I came to terms with the fact that my body is a machine. If it gets food and rest, it works fine. The importance of free food in my life is immense. Most often, I dont get time or motivation to prepare an elaborate meal at home. Not surprisingly, eating habits have become very random, And also with the financial constraints that I am living under buying food is really a luxury. So free food, be it a pizza, mexican burritos and even the rare wraps is a great treat. Free food might seem very stereotypical of grad students, but it really is extremely important.
I managed to do some fun things this semester as well. Tried out my dancing abilities by learning some beginners ballroom dances such as Waltz, Quickstep, Swing and Cha-cha. Went swimming a few times. Learnt how to use gym facilities. Watched a few good movies, went to watch a theater performance, hung out with friends, partied infinitely, tried different kinds of beer, had the best birthday ever and jumped off a plane with a parachute.
But most of all, the grad school experience has been very fulfilling so far. It's not like everything has been rosy. There were some initial hurdels, some culture adjustments and some 'learning to play hardball'. But the classes are mindblowingly brilliant. I love going to Statistics class. I love listening to every word that Larry has to say and I love reading the notes that he gives out. It's like everything that he says is logically connected. There are no gaps in meaning and purpose. It's a new feeling, really, to be able to exercise your mind and solve challenging problems.
All in all, it's been good and it's been bad. But one thing is for sure, I haven't been bored.
Friday, September 4, 2009
PGR
PGR stands for "Pretty Good Race". It's for all the CS nerds at CMU. So once a year, some of them stop staring at the screen and head out on a wooded trail along the hills called the Schenley trail to run for a distance of 5km. I was there this year and my oh my was it fun..! It started with excitement, then anxiety, then questioning, then despair, then encouragement, then numbness, then longing, numbness again, then adrenaline and finally unparalleled JOY..!
At the end of this adventure, there lay awaiting us some delicious water watermelons. Yes we Mellonites like melons..!Awesome experience..!
Monday, August 17, 2009
Mining for Knowledge
'Knowledge mining' is a concept taught to computer science students about how to look for interesting patterns and structures in otherwise meaningless and large collection of data. The word 'mining' in 'knowledge mining' struck me as rather interesting. So much so that I stopped to ponder about its implications. Mining is usually associated with valuable stuff such as precious metals and stones, ores, etc. So it got me thinking, " My God..! Knowledge must be really valuable". My mind started wandering and as usual I started to form connections between hypothesis A and observation B until I was pretty sure that I had a theory C.

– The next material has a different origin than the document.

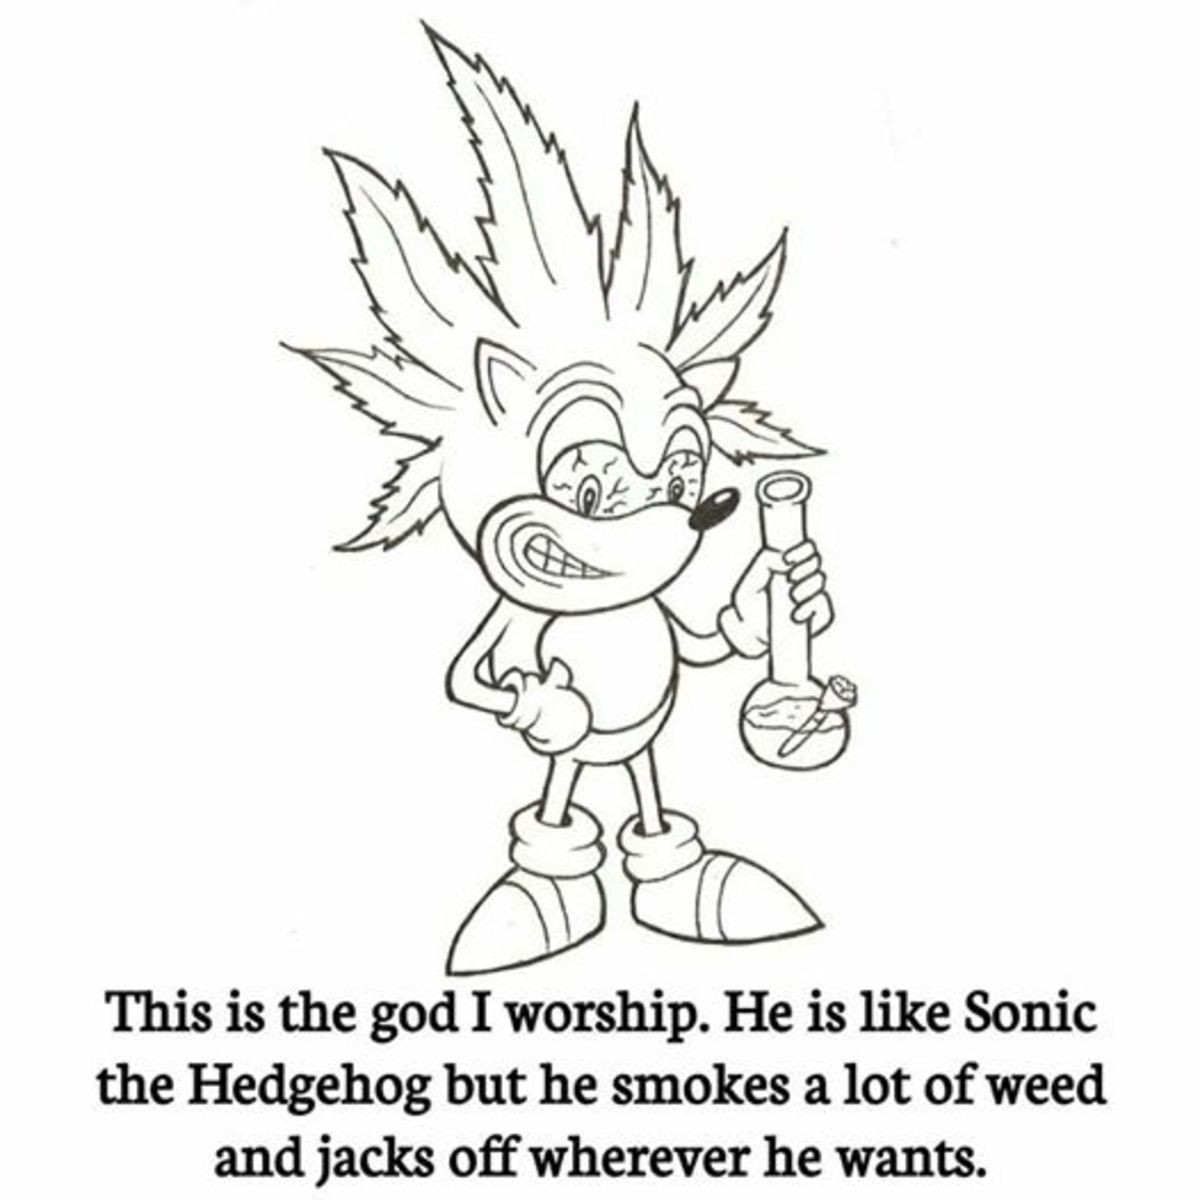 Sanic. . This is the god I worship. He is like Sonic the Hedgehog but he smokes a lot of we ed and jacks off wherever he wants.. Is that Chronic the Hedgehog?

I won't go into this theory C for it is rather personal to me ( yes so personal that I won't post it on the blog ). However, I am glad to talk about a related topic that is of interest to me.

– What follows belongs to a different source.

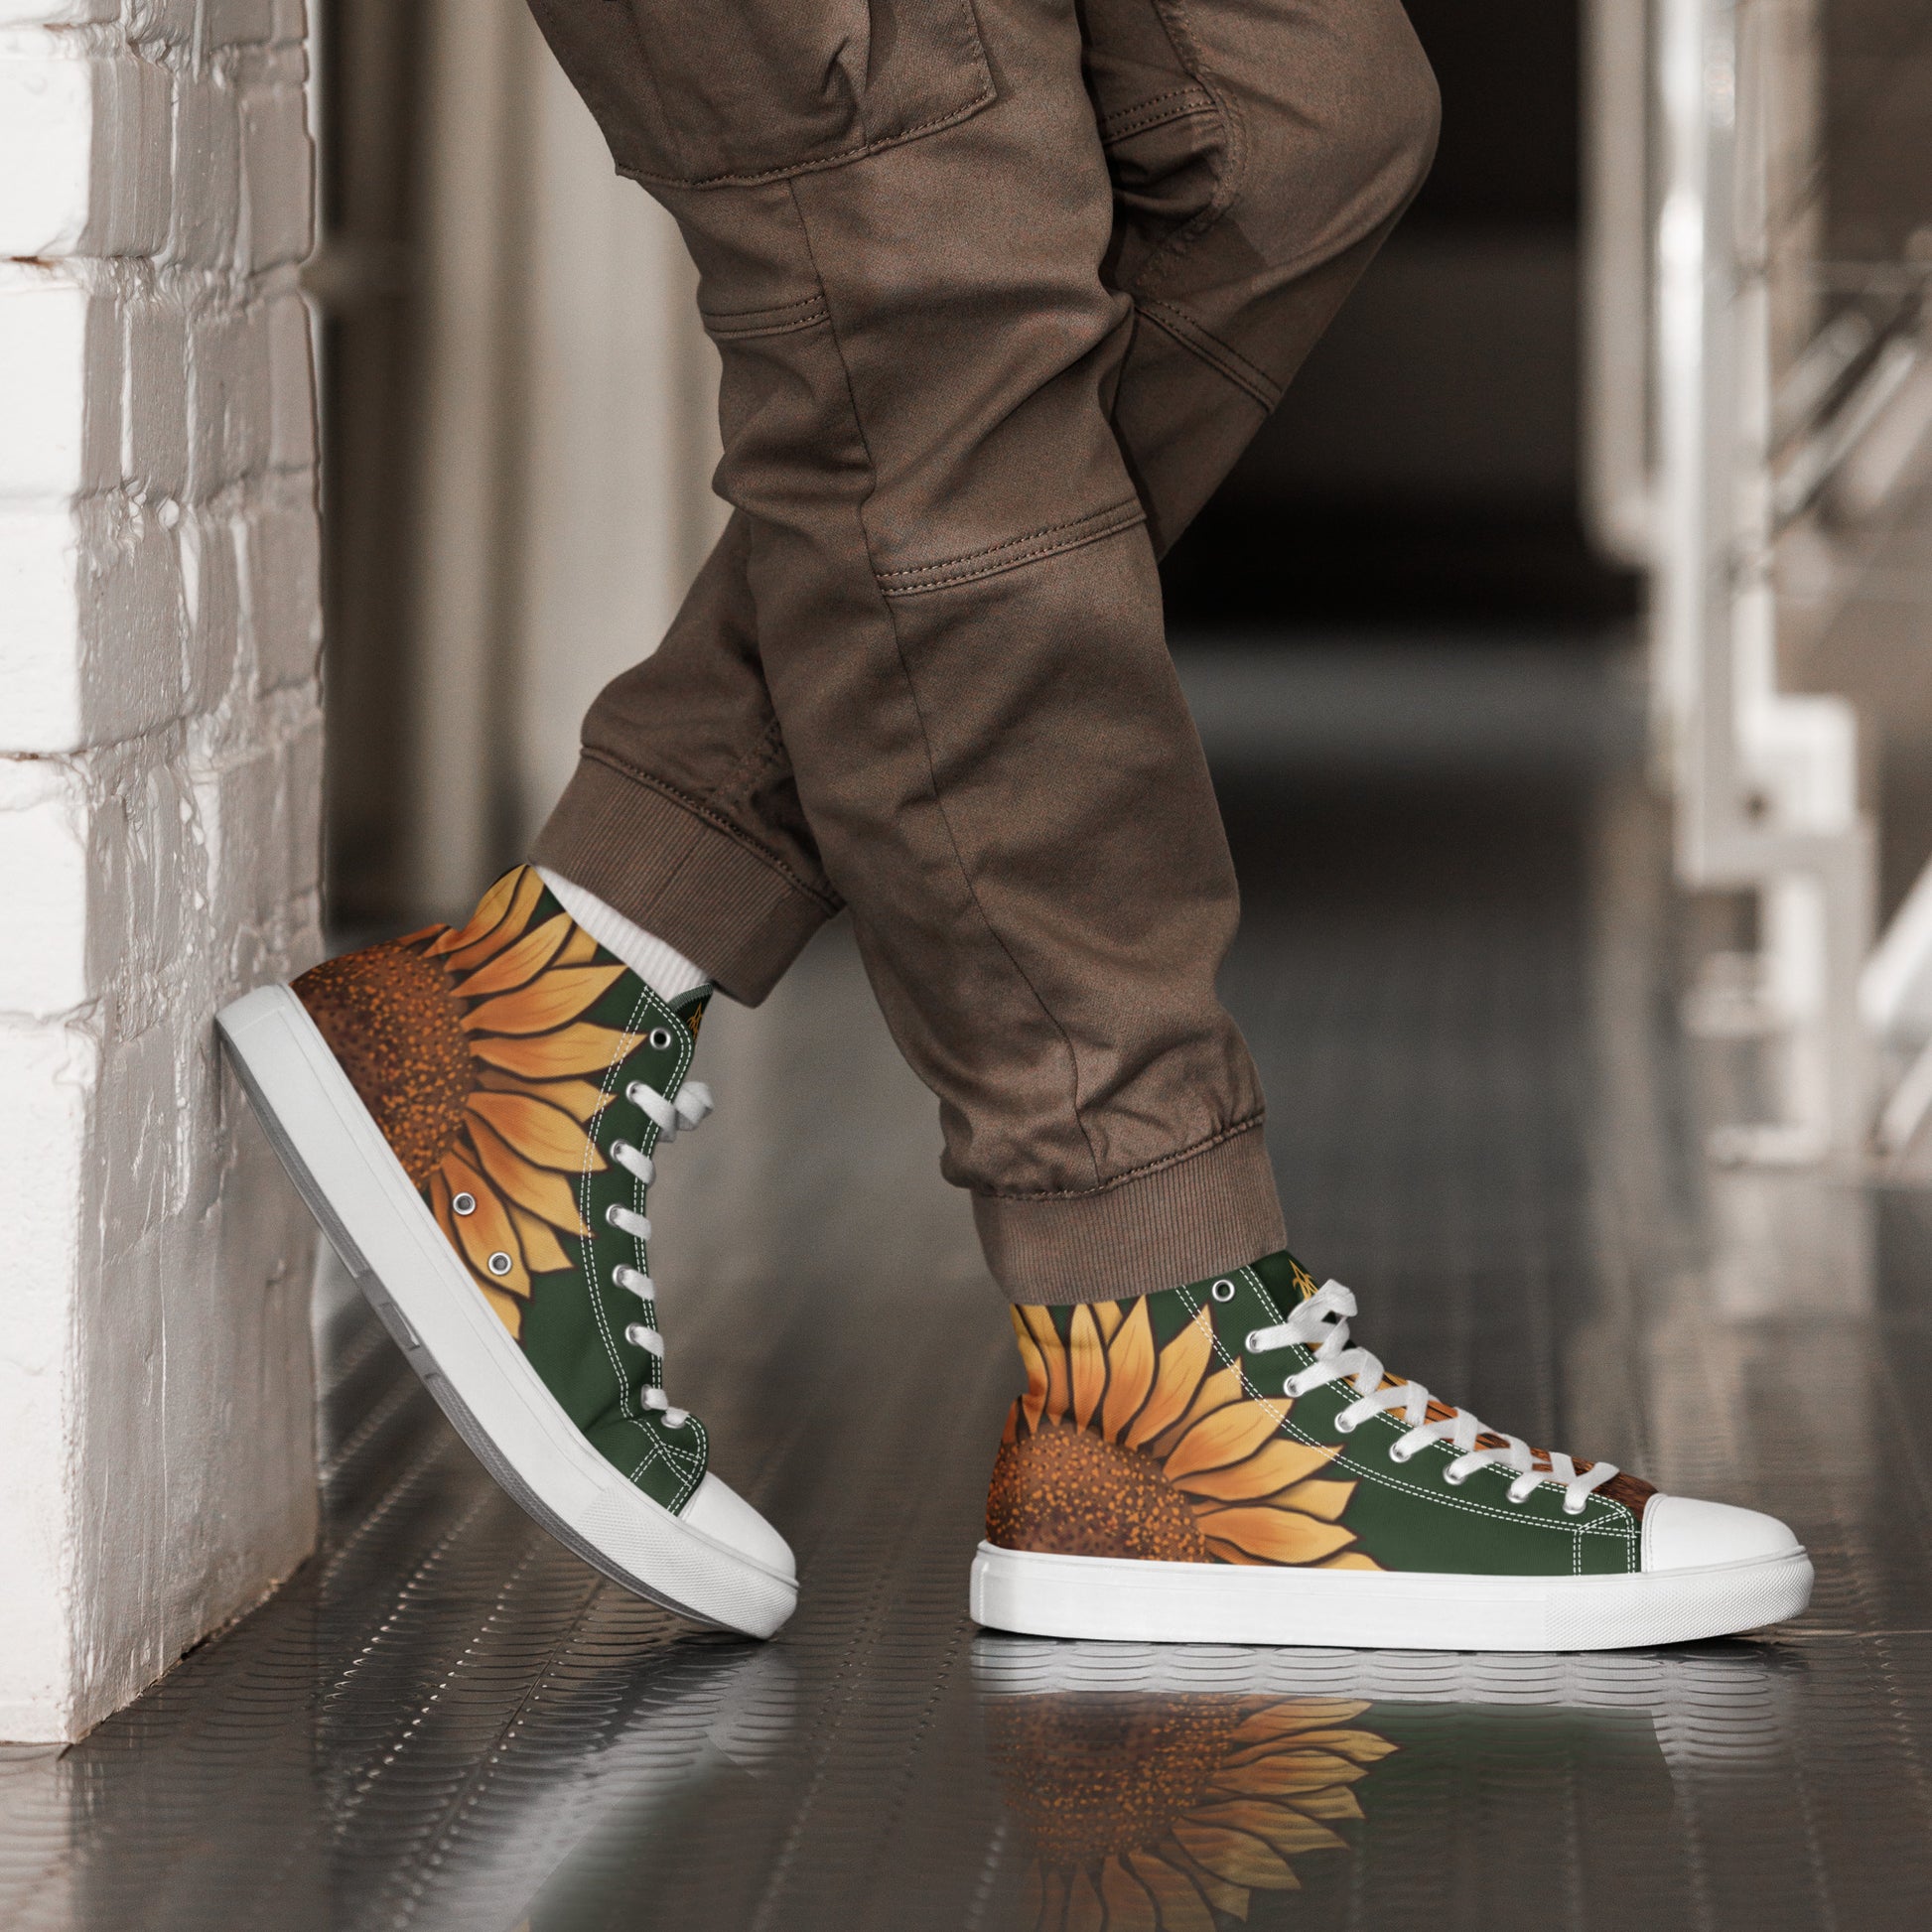 A model wears a pair of high top shoes with a large sunflower on the heel and a forest green background.

The topic is about what sort of jobs people like to do. I liked Nassim Nicholas Taleb's definition( He is the author of 'fooled by randomness' and 'black swan', if you haven't read it, I suggest it ). He created a dichotomy of all jobs that are out there. He labeled jobs as 'scalable' and 'non scalable'. Scalable jobs are those that give you a disproportionate amount of reward compared to the number of hours of work you do. Such as that of an artist who makes it big, a wall street trader, a politician, a drug lord, etc. These jobs are often associated with lots of glamor as there is often a chance to make it big really quick. A certain lottery, casino, gambling like factor.

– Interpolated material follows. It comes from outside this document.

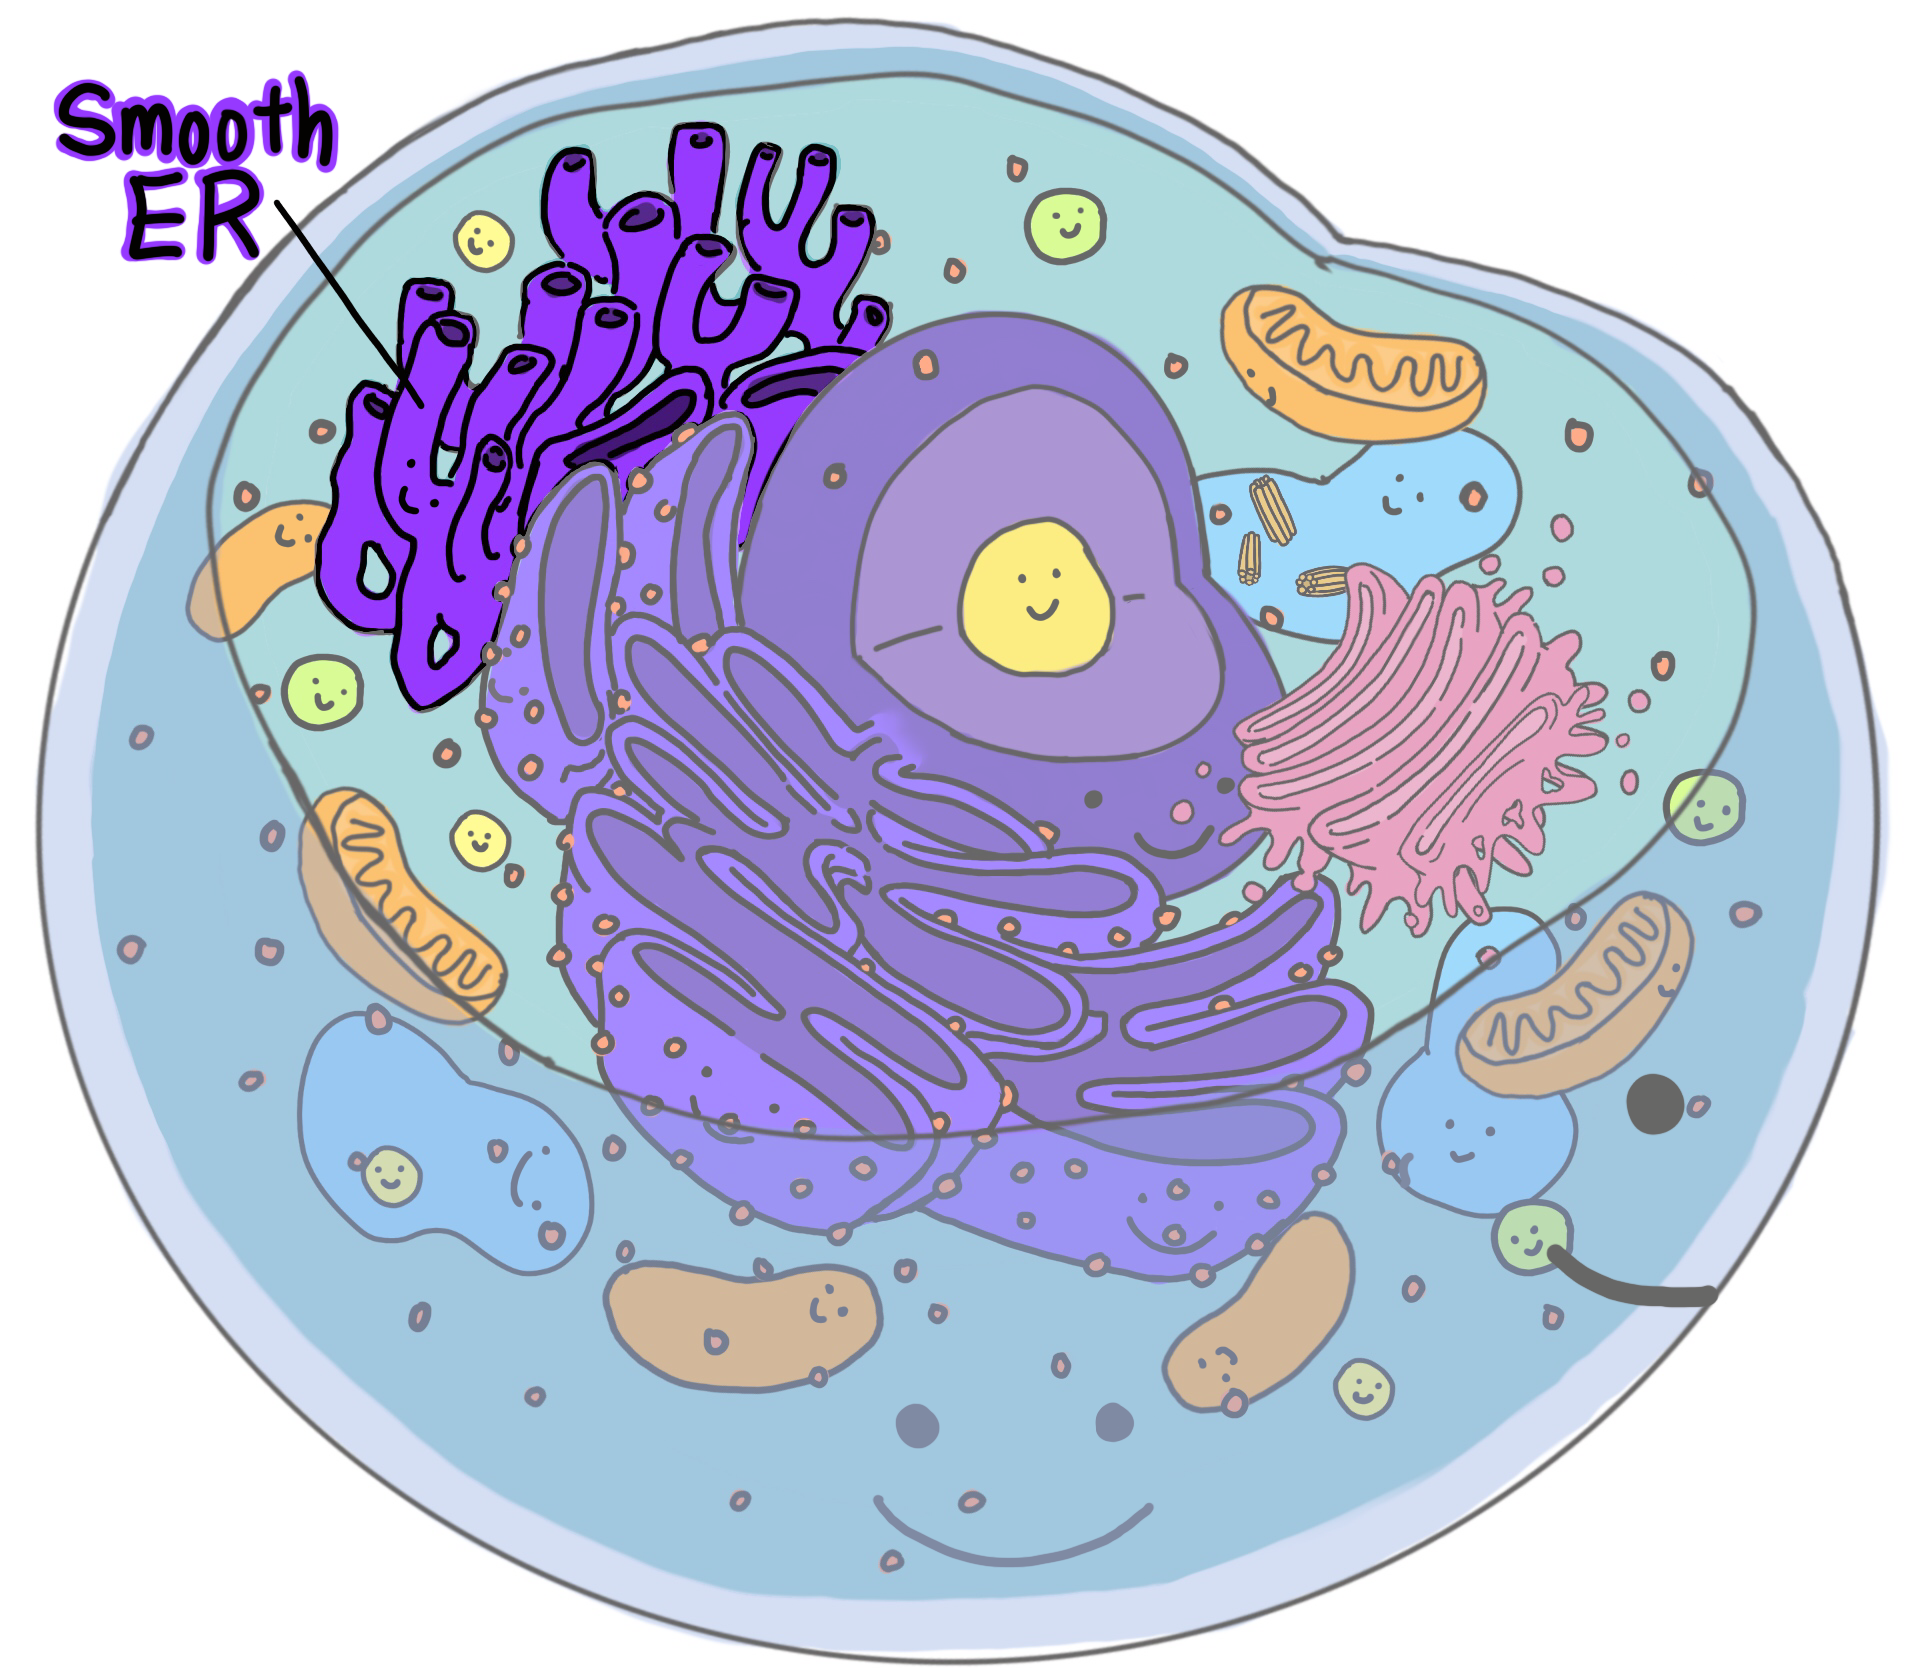 Rough Endoplasmic Reticulum Do In An Animal Cell Smooth Er And Rough

On the other hand non scalable jobs give you the payback that you deserve based on the number of hours you put in and what your skill set is. The skill set is often acquired through a number of hours of hard work. These people are dentists, engineers, teachers, plumbers and even police officers. These jobs are mundane. Boring. Hardly worth bragging about. I am sure that the people doing these kind of jobs have at some point of time had doubts about their profession and often wished they were on the other side. However, Nassim advices people to take a job that is non scalable. He believes that a job where you get paid for the amount of knowledge you possess and the amount of work you put in, is a desirable job. Life is no longer indeterminant. You are the captain of your life, the cartographer of your destiny.
I agree with Nassim.
Saturday, August 15, 2009
The Fence and Independence Day
As far as traditions go, Carnegie Mellon has many and we got to take part, first hand in one of it's most fun traditions. The tradition is called 'The Fence'. It is nothing but a fence in the middle of campus that people keep painting randomly during the night as a sign of protest or just to make a point.
On Independence day, we said seized the opportunity to repaint the fence with the tricolor. And guess what, Fun and Patriotism can come packaged together too..!
Sunday, August 9, 2009
Bubble Theory
It's been some time since I wanted to propose this theory of mine.
It's often shocked me how some people often live inside a bubble all their life. The bubble effectively seals them from the realities of the outside world. Like a fish in a bowl. Imagine yourself as a pretty gold fish swimming inside a nice spherical bowl, and you are swimming, swimming and basically that's all you are doing. From time to time you peer outside and the world appears fuzzy to you. Everything is distorted and the green algae forming on the walls is making your vision cloudy. But you don't care, in fact that's how you want it. The fish bowl is your world, nothing exists outside it and frankly you don't care. Food is plopped into your bowl, it's good, life goes on. You get bored sometimes, so you go and bully the guppies a bit. You are careful not to antagonize the resident fighter fish. Yes, life goes on. It's not great, but it is your world and you're in perfect control of it.
That's it the goldfish example ends, there's not going to be some dramatic ending to it.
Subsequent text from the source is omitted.